Exercise brief
Would you please retype, exactly, the lines of the listing below between the line with "北京语言大学网络教育学院本科毕业(学位)论文管理办法" and the line with "ESP kolektor debu", inclusive?

Supplied information

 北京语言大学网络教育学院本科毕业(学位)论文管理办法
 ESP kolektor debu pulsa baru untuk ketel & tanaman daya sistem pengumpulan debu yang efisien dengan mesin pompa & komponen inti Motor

---

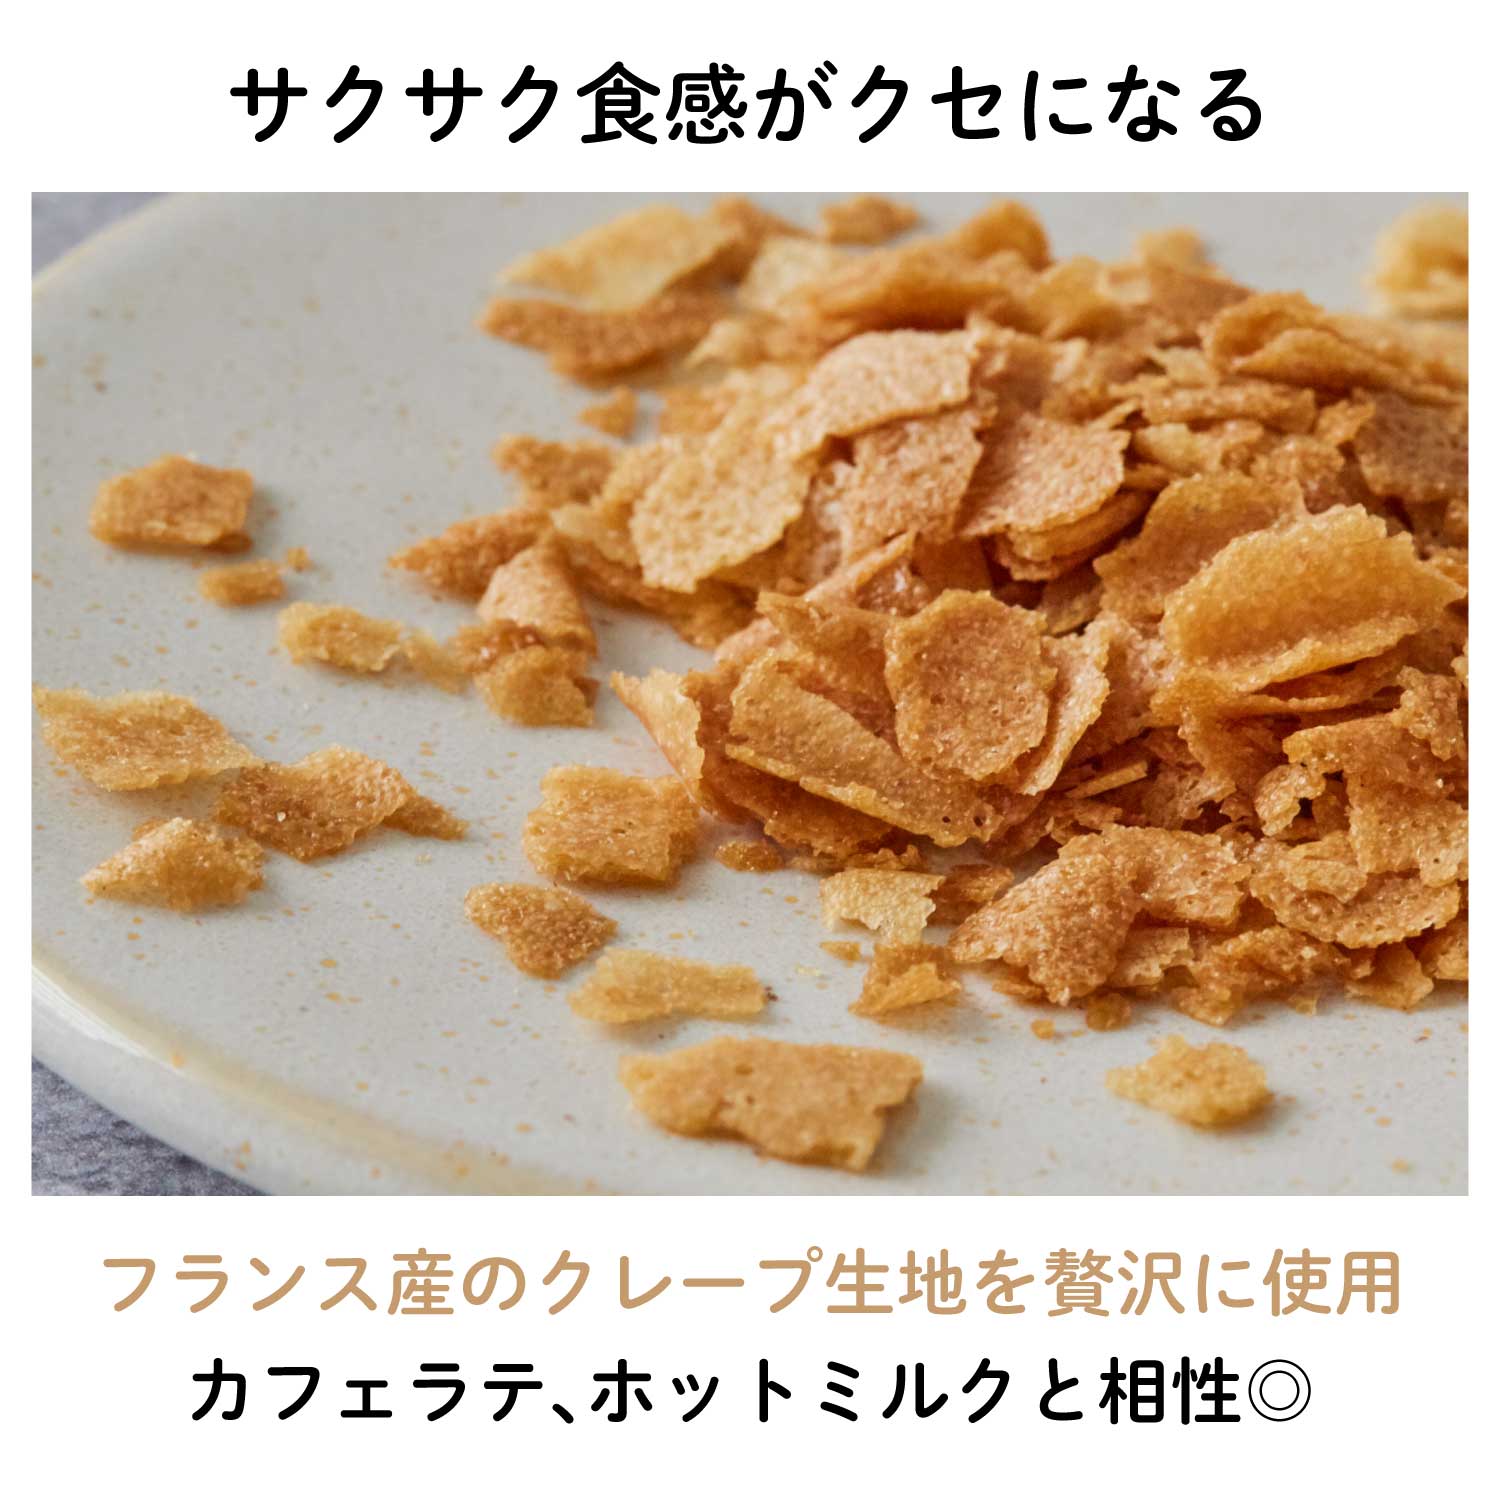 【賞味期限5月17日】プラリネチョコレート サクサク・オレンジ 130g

Finished task
 北京语言大学网络教育学院本科毕业(学位)论文管理办法
 ESP kolektor debu pulsa baru untuk ketel & tanaman daya sistem pengumpulan debu yang efisien dengan mesin pompa & komponen inti Motor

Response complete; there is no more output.